Elle doesn't answer, but it doesn't matter. Though there's no connection to the F, Elle pulls herself up, and gets off at the next stop.
She had thought it was about knowing where to look. That she'd become so used to it because rather than being the exception, most of the people she'd known in her life were like her. Now, as she waits on the platform for the next train to come, Elle realizes that it wasn't that they were the exception. It wasn't about knowing where to look. It was about knowing how to look.
They're everywhere.
There was no point in spending more money than she had to. Elle could understand that. She isn't sure what anyone would expect of her if they were looking, and she doubts it would be this. It wasn't too close to where she was really heading, but that would work out for the best - the motel is a four story walk-up about five blocks from the station she'd exited at 169th street. It had a small lobby lit with flickering fluorescent bulbs and walls painted a shade of taupe that reminded of her of the halls of the Hartsdale facility (though the dim scent of cigarette smoke and the plastic over the sofa in it did not), and the man at the desk gave her a key and a subway map.

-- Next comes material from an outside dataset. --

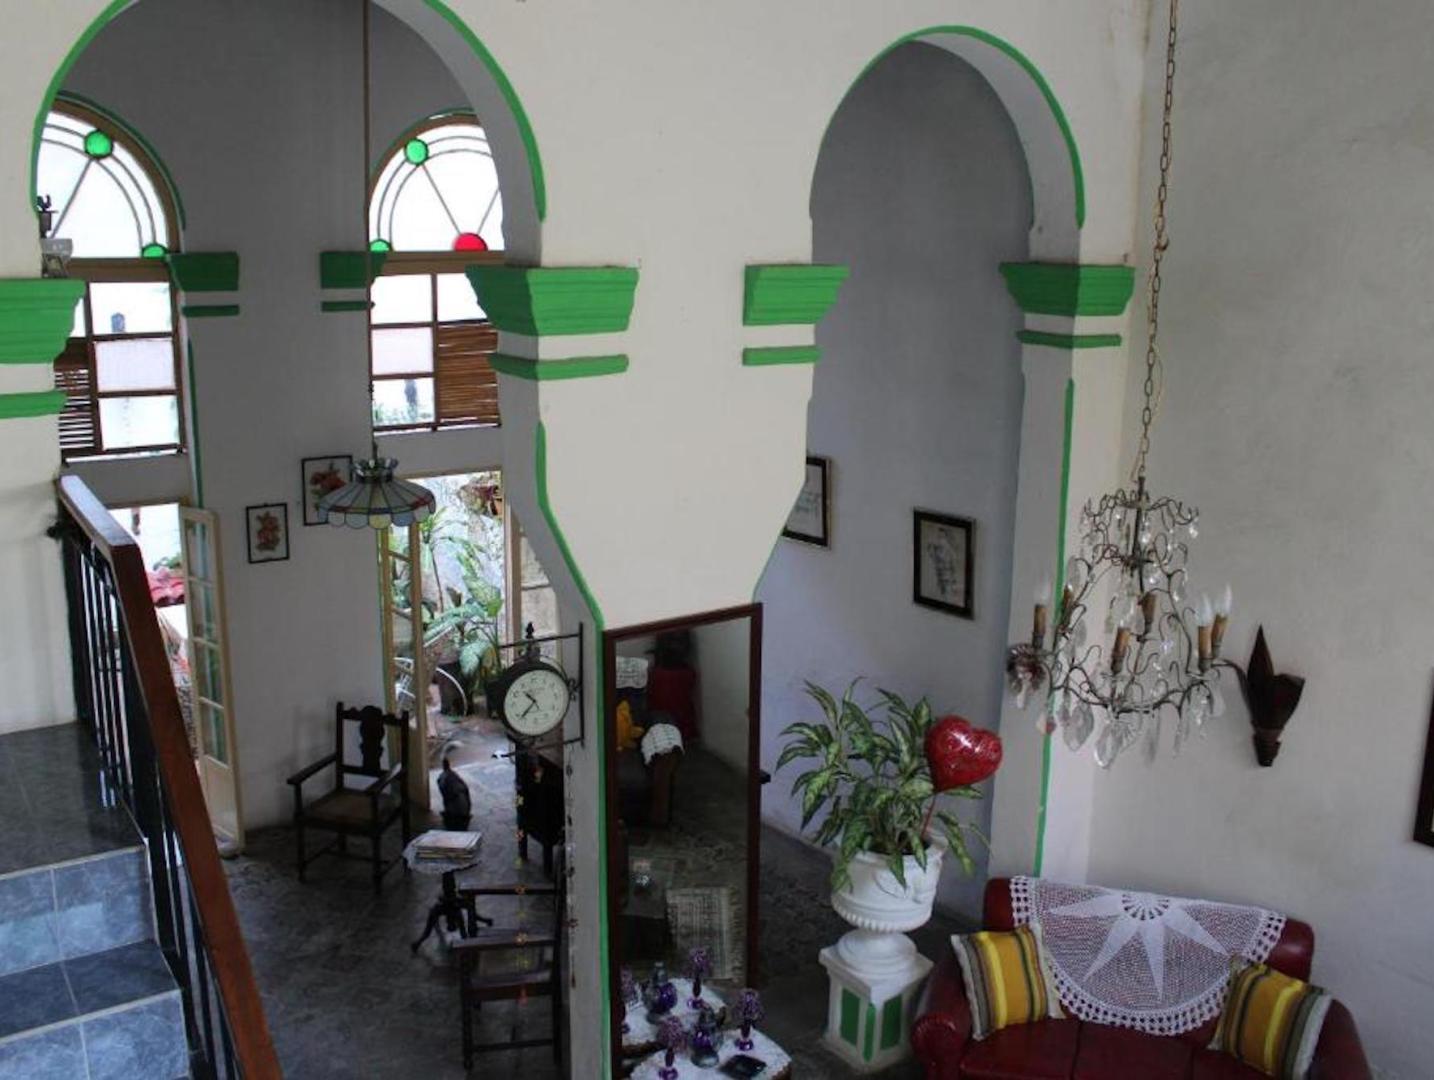 Casa de alquiler en cuba casa andaluz

The room itself has barely enough room for the single bed and a dresser with a small television on top. A closed door immediately to the left of the entrance leads to bathroom. There's a window that looks into the alley between her building and the next, with not much in it aside from a dumpster and the tattered posters that on the brick walls. After setting her duffel on the bed, she sets the 'Do Not Disturb' sign around the doorknob, and draws the cloth curtain over the window.
Elle sits on the bed, her eyes falling to her duffel bag and then to the television – they've left the remote control on top of it. It's not too late in the day to start some recon, but instead, she picks up the remote, and clicks on the television. After going through the channels twice, she settles on one that looks like news, or at least involves anchors and illustrative graphics.
Then minutes later, she's hit the mute button, and pulls her bag over to start going through her things. Suddenly, work seems like the better idea after all.
She's unpacked as much as she's comfortable with unpacking (clothes, cookies, another New York City subway map) about an hour later, and decides to finally look into the bathroom. This door, however, leads something else entirely.
"Better than a bathroom," Elle mutters, before heading back to the bed to grab her bag.